Этот спектакль шел без репетиций, если не считать наскоро пройденных сцен с новой Лаурой56. Между последним исполнением Дон-Жуана и настоящим прошло много времени57, и в этот промежуток я играл Обновленского и другие бытовые роли, так что роль Дон-Жуана забылась. Накануне спектакля мы было собрались с Устромской, чтобы несколько подготовиться к своим ролям, но ничего из этого не вышло. […] Перед самым отъездом из дома в театр я читал роль и неожиданно попал на совершенно другой тон: у меня вышел Дон-Жуан не пламенным, влюбленным пажем, как на первом спектакле, но мужчиной завлекающим, притворяющимся с женщиной. Я решил играть в новом тоне, без репетиции, на авось. Решил отбросить драматизм, так что, собственно говоря, играл совершенно новую роль. Несмотря на это, повторяю, я не волновался, вероятно, потому, что утомился как от частых спектаклей, так и от приготовления к балу58. Грим у меня не удался, и это меня не смутило. Первое действие играл, как в предыдущем спектакле, то есть сохранив прежний тон. Он хорош. На этот раз это действие прошло вялее, я был недостаточно оживлен, и это публика заметила. Нас вызвали довольно вяло – два раза. Помню, Устромская спрашивала даже меня, не болен ли я. Стало быть, хуже, чем прошлый раз. Аплодировали же, вероятно, потому, что меня недаром называют любимцем публики. В антракте никто из публики не приходил в уборную. Плохой знак.

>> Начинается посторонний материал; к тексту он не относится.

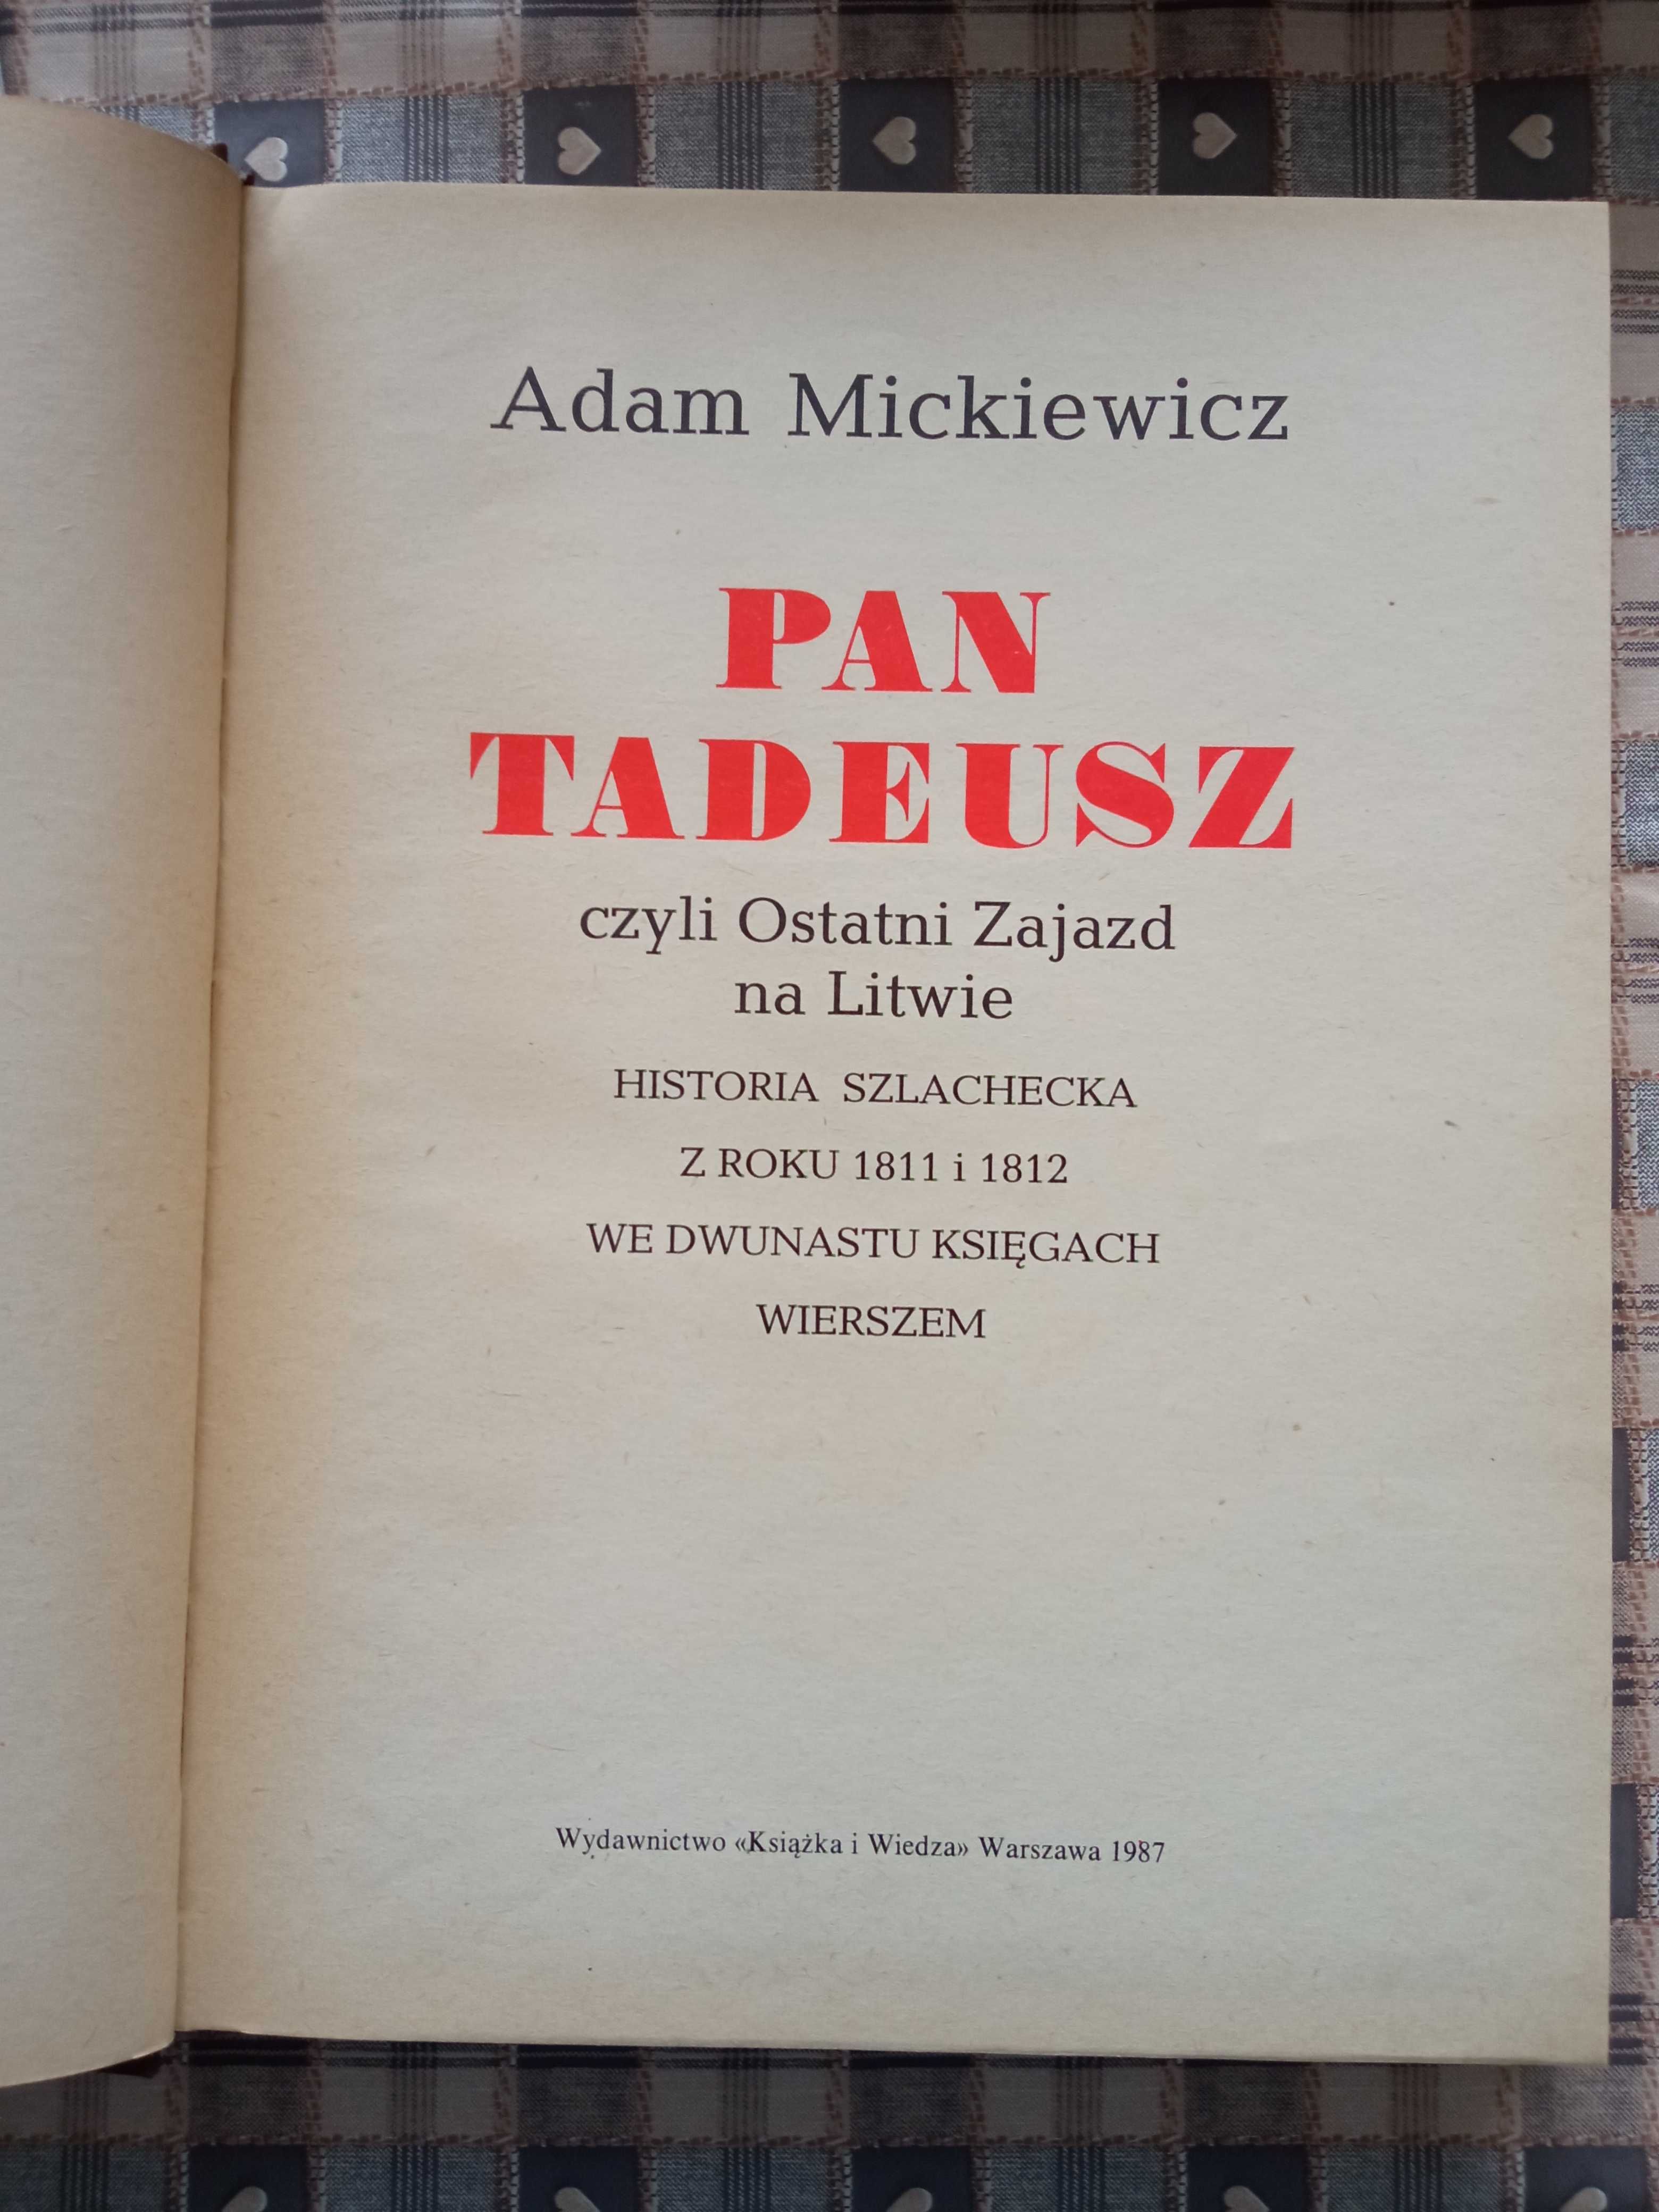 Pan Tadeusz- Adam Mickiewicz.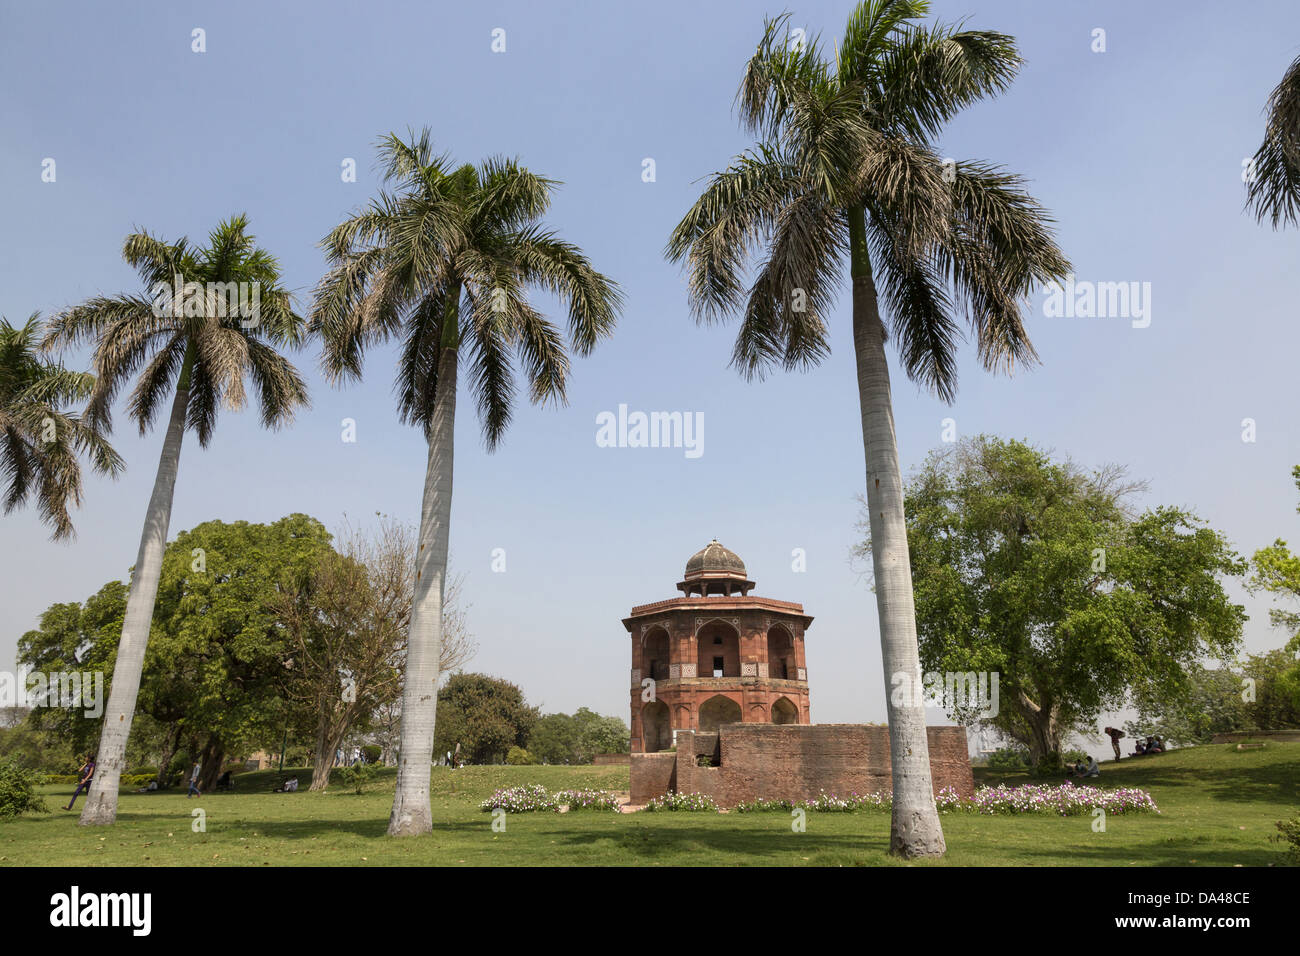 Blick auf Palmen und achteckige Turm aus rotem Sandstein, Sher Mandal, Purana Qila, Delhi, Indien, März Stockfoto

Во втором акте Лаура (г-жа Фосс) оказалась невозможной до безобразия. Пела отвратительно, публика не заставляла даже ее бисировать. Соллогуб играл тоже вялее59. Серенада на гитарах и эффект открывшегося вида оказал свое действие, так что публика хлопала дольше, чем в предыдущий раз. Во втором акте я был вял, говорил слова, но чувствовал, что в них жизни не было. Вел роль в том же тоне, как и в предыдущий раз. […]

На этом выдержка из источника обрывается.